Each process calls do_initialization() on startup, but only the first process will actually do the initialization.

____

If you do not have separate processes, but its just multiple threads inside of one process, then have a look at:
https://en.cppreference.com/w/cpp/thread/call_once
Last edited on
coder777 wrote:

Why can't File1/File11/File21/... create their own directory/file?
Maybe they create their own logger instance and everything is done at that moment.


Apologies - I should have mentioned that the call to log a message is static. No instances are created. It'd be a considerable (but not impossible) effort to switch to a more capable logging framework - it's just outside of the scope of the bug I'm assigned to fix.

seeplus wrote:

If you're writing to one file from multiple places you need to serialize the file writing using locks etc. The same applies to creating/opening the file. All places use the same serialised code so that the first to run the code creates etc and then the others just open.

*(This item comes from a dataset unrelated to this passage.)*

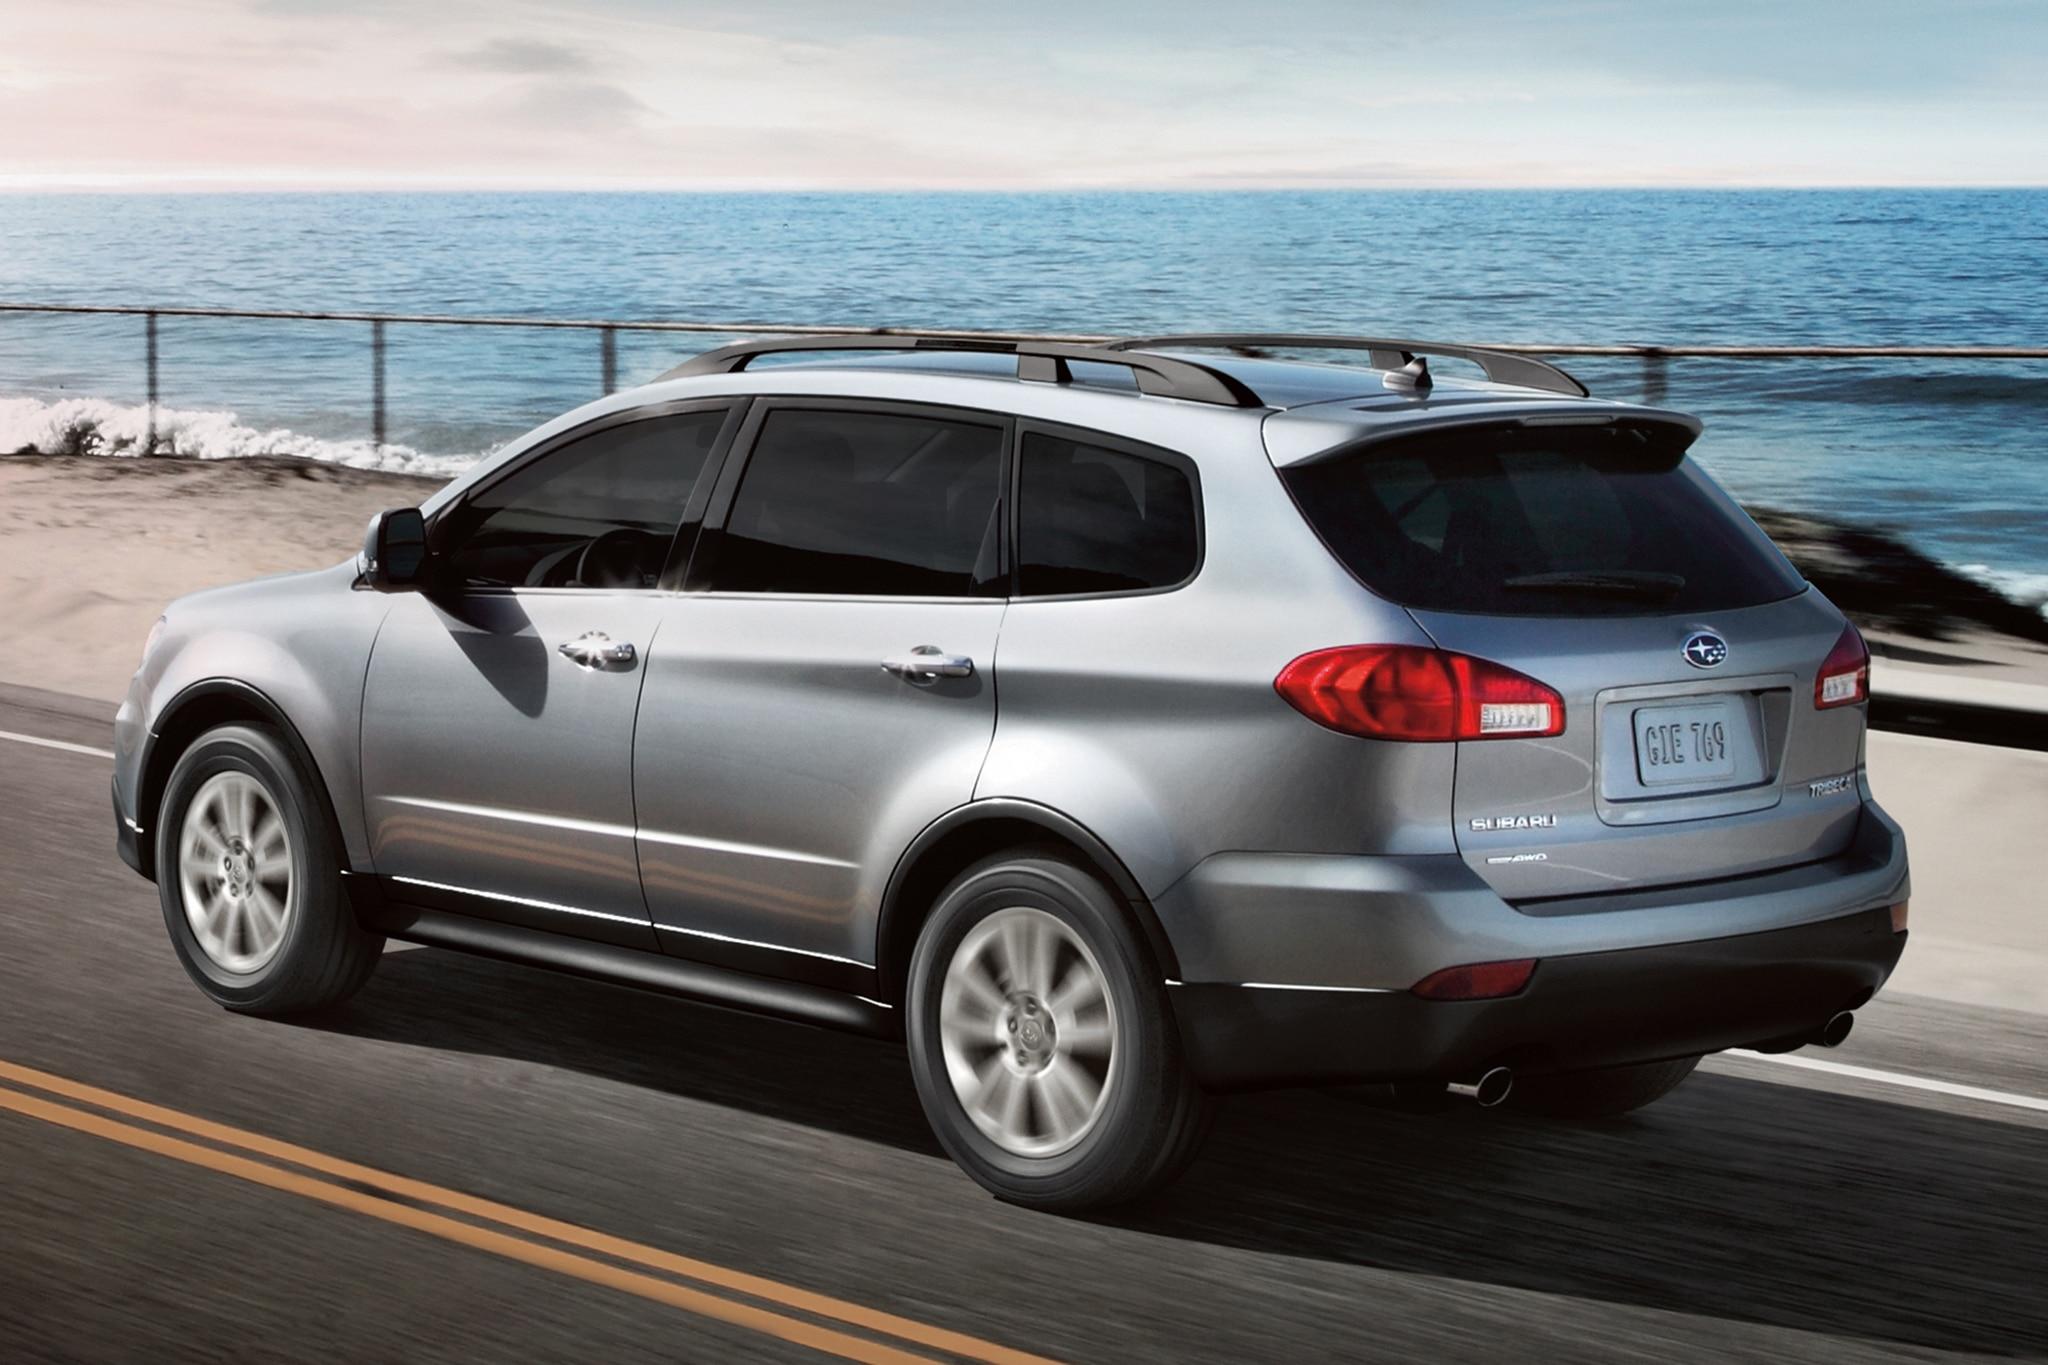 Subaru Tribeca Production Ends January 2014

Logger.h does serialize writes to the logfile. There is a utility function someone else had written that creates a directory but it doesn't appear to be protected from simultaneous access by multiple processes. I'm not sure if protection is necessary if the OS offers some protection (i.e., it'll cause the simultaneous access to throw an exception). Exception handling might be important.

@kigar
Thanks for the suggestion. Will have to play with this. Just so I understand - a named mutex is identified by a string and is visible to all processes.
Last edited on
Logger.h does serialize writes to the logfile. There is a utility function someone else had written that creates a directory but it doesn't appear to be protected from simultaneous access by multiple processes. I'm not sure if protection is necessary if the OS offers some protection (i.e., it'll cause the simultaneous access to throw an exception). Exception handling might be important.

If you actually have multiple processes, then any kind of intra-process synchronization primitives, such as std::mutex or CRITICAL_SECTION will not help at all! You need a named Mutex or named Semaphore to synchronize between separate processes!

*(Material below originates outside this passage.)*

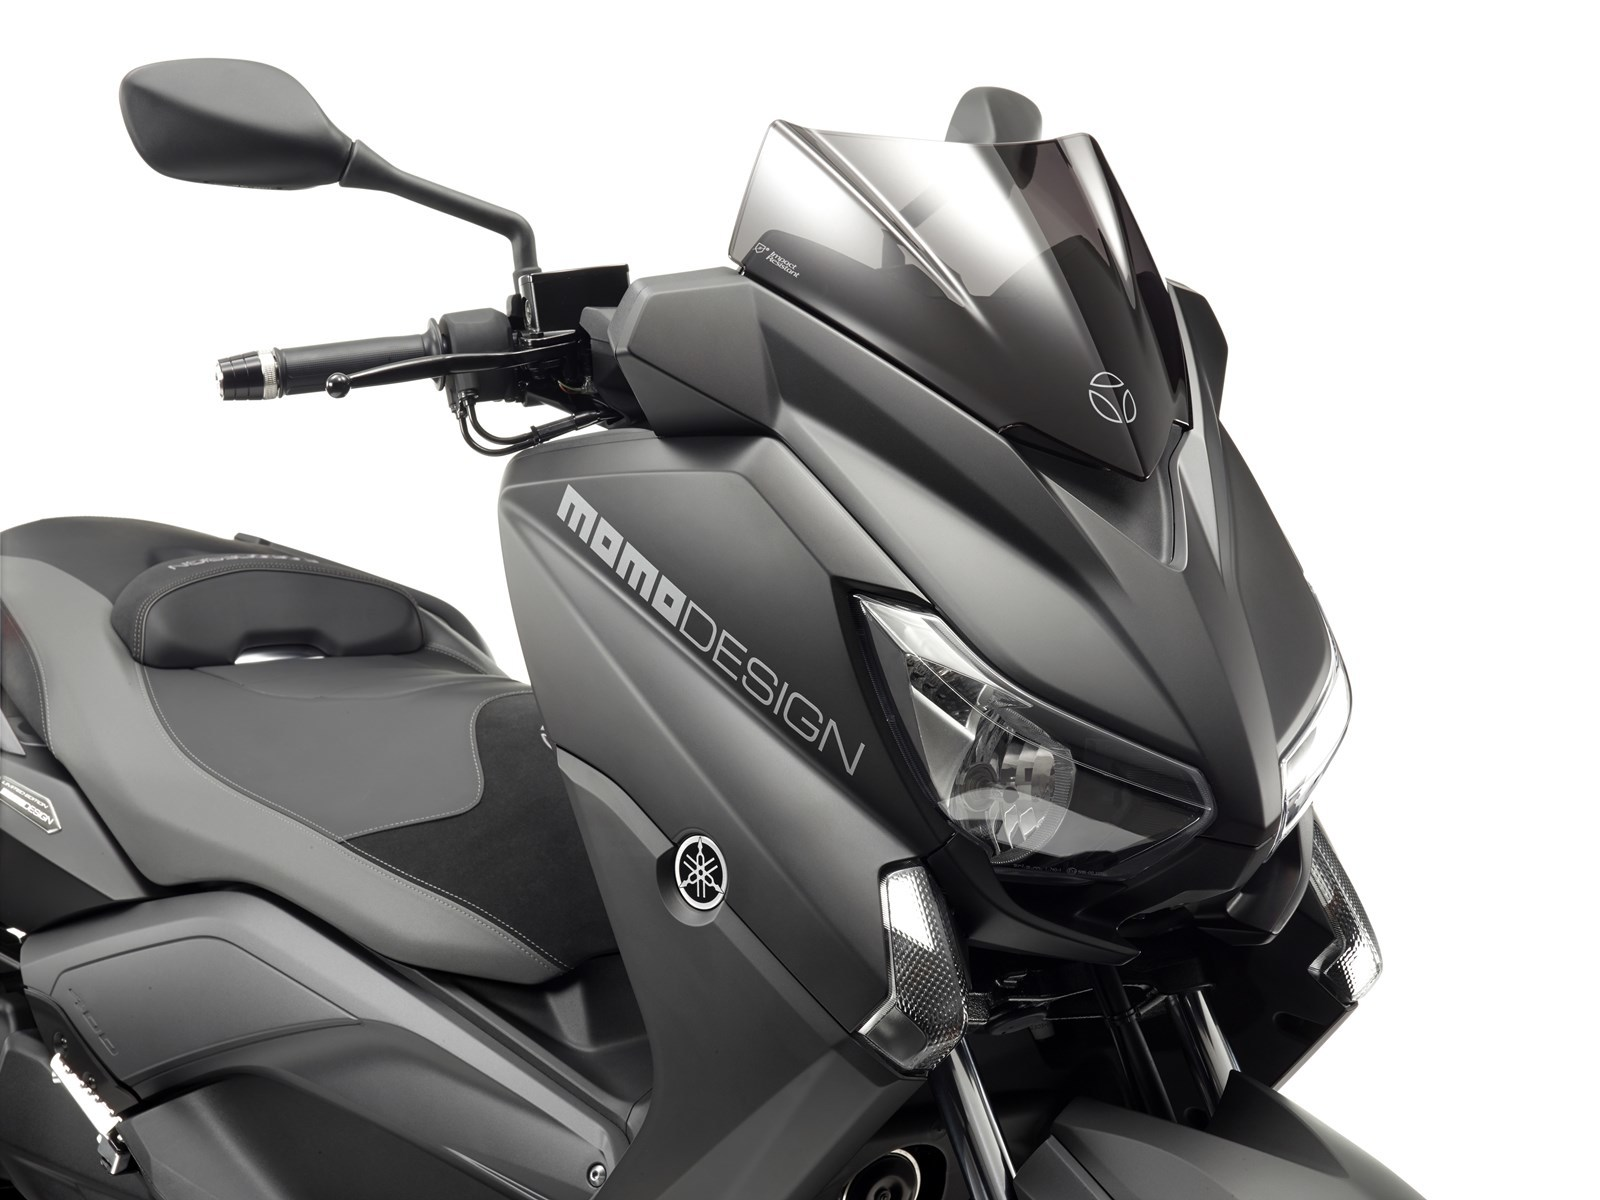 Foto de Yamaha X-MAX 400 MOMODESIGN, estudio y detalles (26/33)

It is, of course, possible to write to the same file from different concurrent threads/processes, but the small chunks of data that are written by the concurrent threads/processes will be "interleaved" in an arbitrary way, likely producing "garbage" in the file 🙁

In order to be sure that only one process/thread at a time writes to the file, additional synchronization is needed. Again, within a single process you can use std::mutex or CRITICAL_SECTION, but for separate processes you need named Mutex or named Semaphore.

____

File locking may be another option, i.e. lock the file before you write to it, so that no other thread/process can write to it concurrently:

https://learn.microsoft.com/en-us/windows/win32/api/fileapi/nf-fileapi-lockfile
https://learn.microsoft.com/en-us/windows/win32/fileio/appending-one-file-to-another-file

Note: LockFile() can lock beyond the current end of the file, so you can simply lock the area that you are going to write to!

Example:
1
2
3
if (!LockFile(h, 0U, 0U, MAXDWORD, MAXDWORD)) {
    /* error handling */
}

____

Just so I understand - a named mutex is identified by a string and is visible to all processes.

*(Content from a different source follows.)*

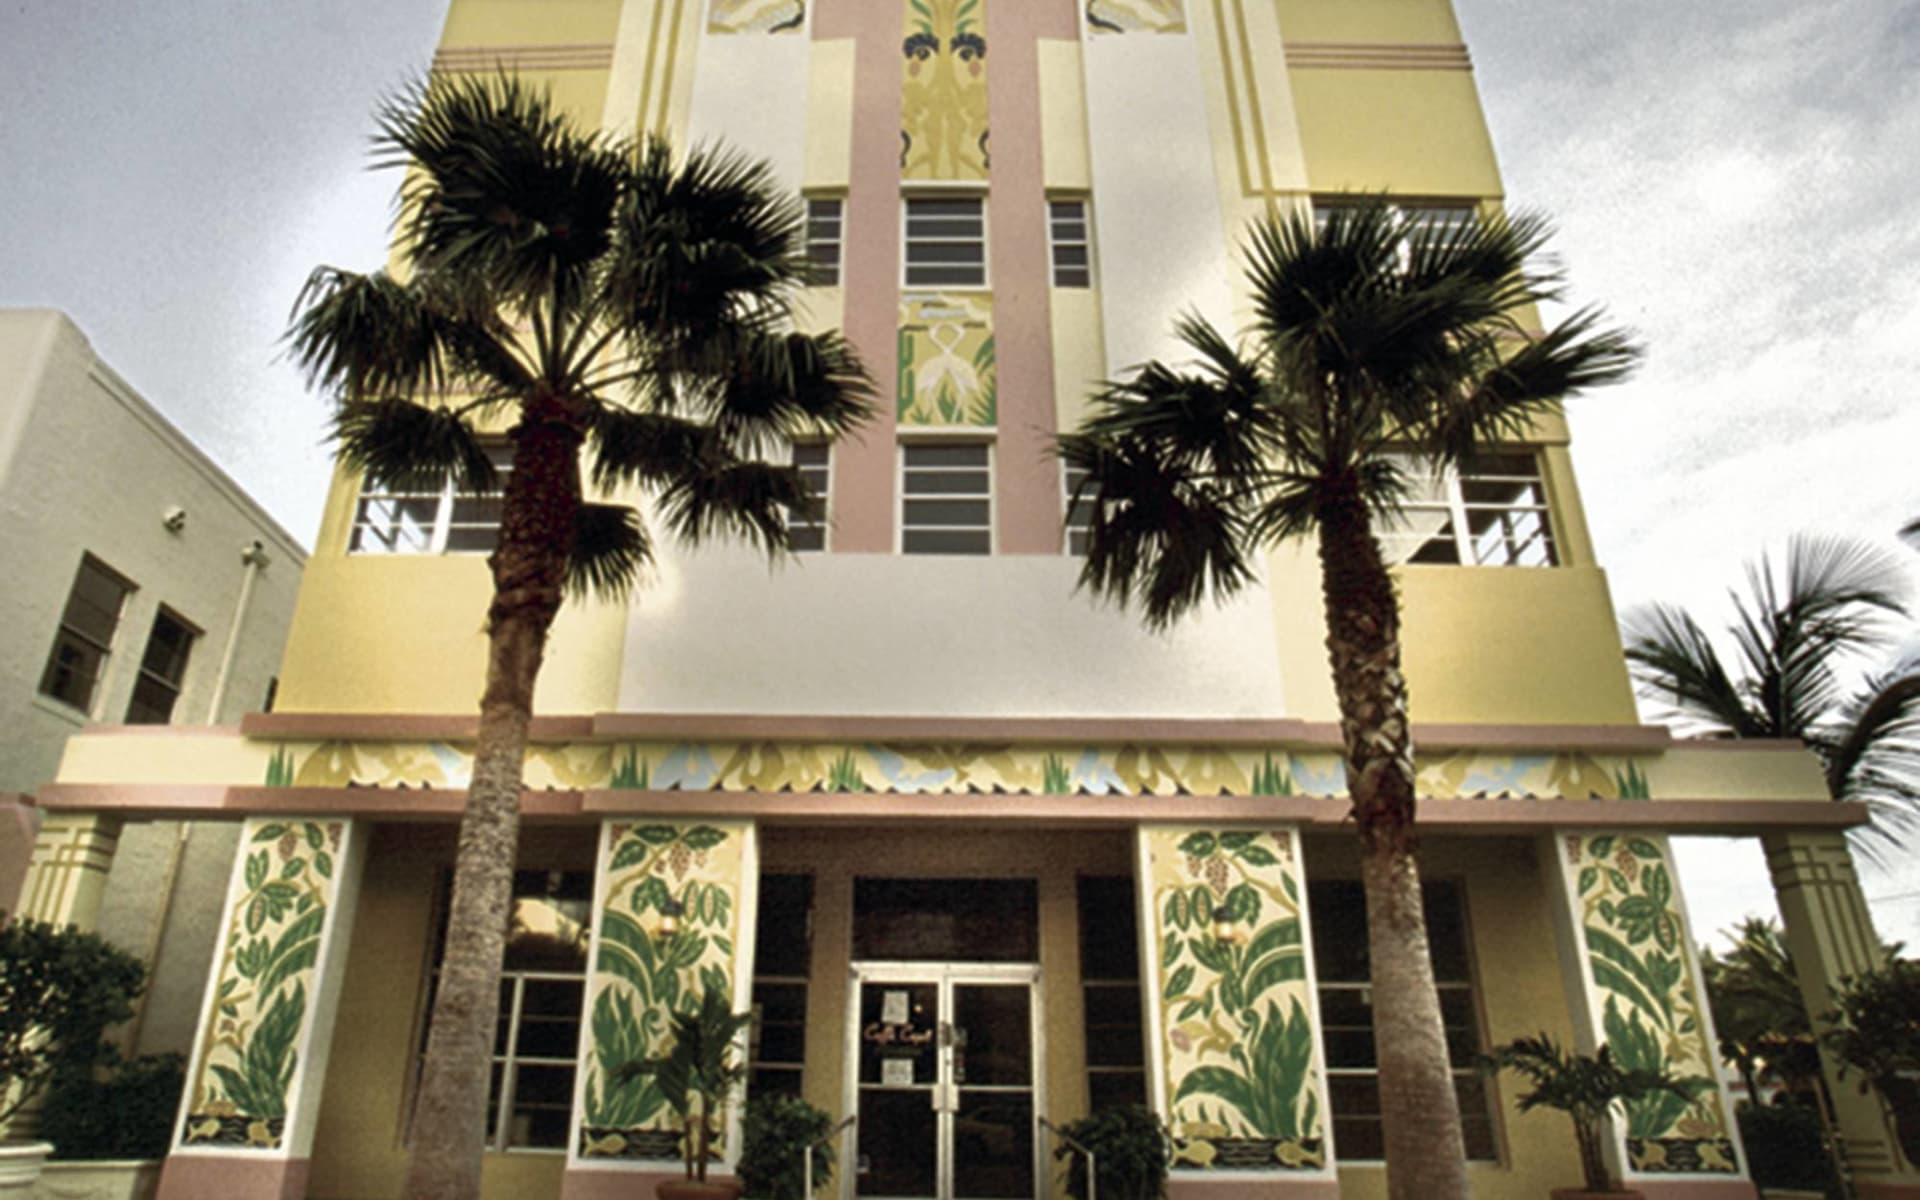 Ocean Five Hotel in Miami Beach:  Ocean Five - Hoteleingang mit Palmen

A named Mutex or named Semaphore is identified by a string of your choice. All process that want to synchronize on the same Mutex or Semaphore must specify the same string (name). However, because the namespace is system-wide, you should pick a name that is unique, so that your application will not clash with another unrelated application! A randomly generated GUID is a good choice:

https://www.guidgenerator.com/
Last edited on
Topic archived. No new replies allowed.